Why separate personal and business account? Mixing business expenses with personal accounts are common for some business owners, mainly due to the lack of time to manage them separately. However, this is a mistake that impairs the correct financial management of the company and can lead to problems such as losses and debts, as well as making it difficult to track business goals and results. Want to better understand why it’s important to organize accounts separately and how to make this separation? Keep up the reading!
What are the advantages of separate personal and business accounts?
Separating personal and business accounts is an important measure for good corporate financial management as it allows for greater control over the financial health of the business. This management has several advantages, such as easier tracking of revenues and expenses and making better investments. See which ones are the main ones!
Observe income and expenses separately
When personal and business accounts are mixed, it is not possible to view business income and expenses separately. This makes it difficult to control cash flow and prevents proper tracking of company profits and losses, especially when business resources are used to pay personal bills or vice versa.
By looking at the accounts separately, you can better visualize the actual profits of the business and take the necessary actions to optimize the results of each sector. Thus, financial losses are avoided and profitability increased.
Calculate ROI more properly
The Return on Investment (ROI or, English Return On Investment) is a metric of great importance for the company, as it allows understanding of the efforts are really paying off or not. Its calculation involves several factors because it is necessary to know the total profit generated by the investment – which can only be known through good financial management.
By having business accounts separate from personal accounts, this task is made easier as all the information to be considered in the calculation is properly organized and ready to use.
Understand where to invest resources
The calculation of ROI also allows us to know how to make better investments since it is possible to differentiate the actions that are giving better results and which are not bringing the expected return. In addition, it is possible to know which sectors of the company need interventions and to direct resources to those areas where they are most needed or most likely to profit.

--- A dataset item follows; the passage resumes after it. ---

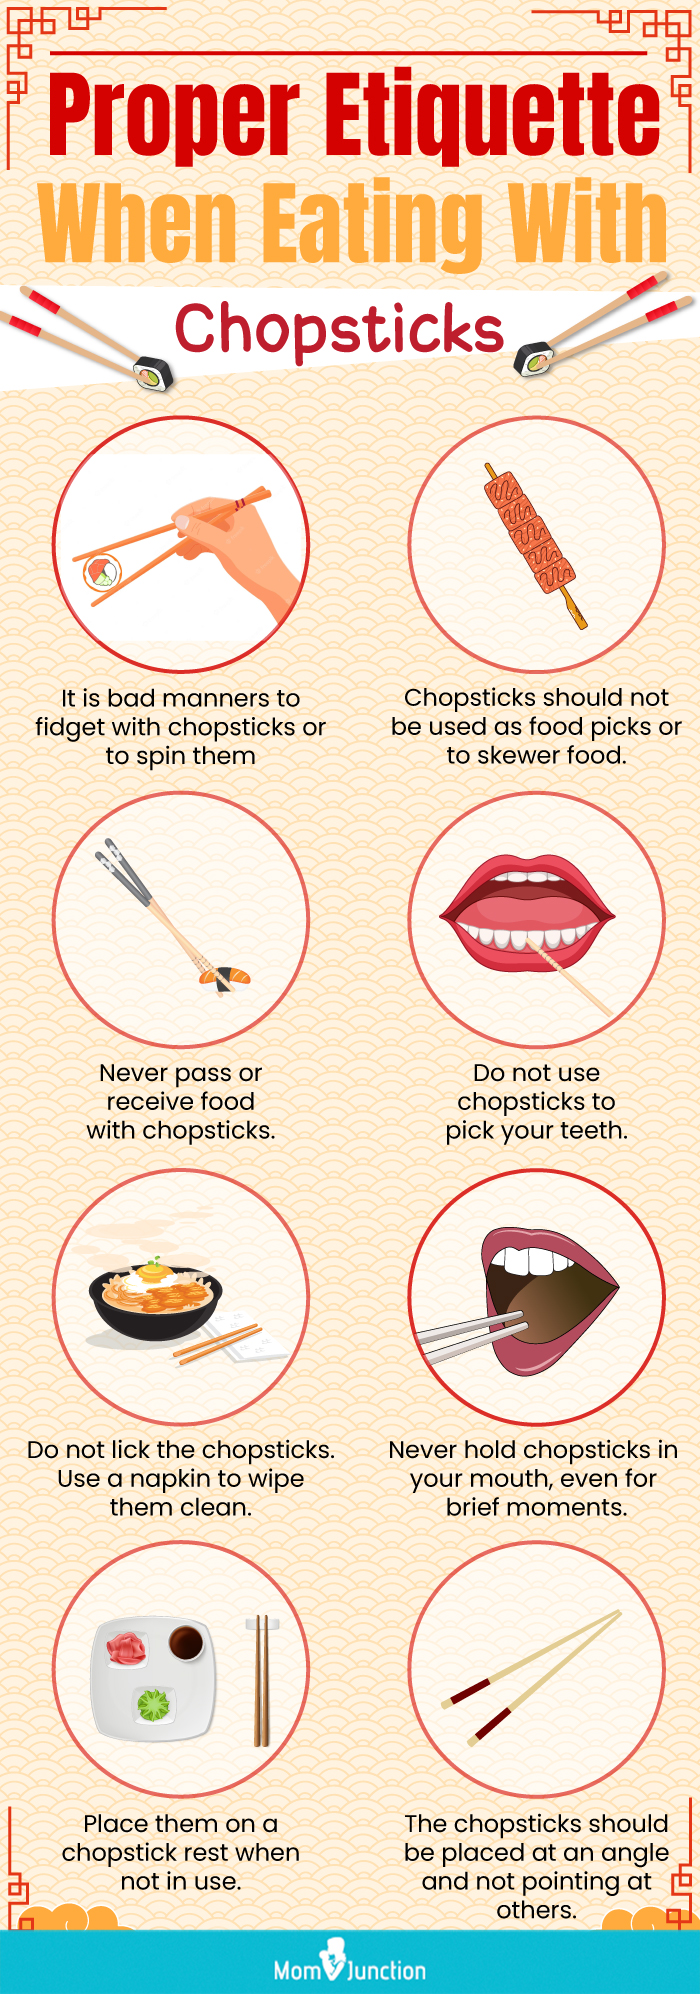 Proper Etiquette When Eating With Chopsticks copy (infographic)

How to make this separation?
There is a couple of ways to make this process simpler and to better separate accounts. See the main ones below.
Have separate accounts
Creating a unique bank account for the company’s financial movements is an essential step in separating expenses. This optimizes cash control as it makes it easier to see payables and receivables. Another advantage is the larger document organization, which helps keep the business up to date with its tax obligations.
Create a fixed salary
A common mistake that needs to be avoided is not controlling the company’s withdrawal of funds – since if all profit is used for personal purposes, the financial health of the business can reach a critical state.
Therefore, it is important to establish a fixed salary that will meet your personal and family needs adequately, but without compromising the growth of the company. In this way, the entrepreneur withdraws only the amount of money required monthly and can reinvest the remainder in the company itself.
As you can see, the separation of personal and business accounts optimizes the financial management of the business, helps prevent losses and even bankruptcy. It is therefore important to take steps to keep your business accounts organized and, if necessary, to seek professional help.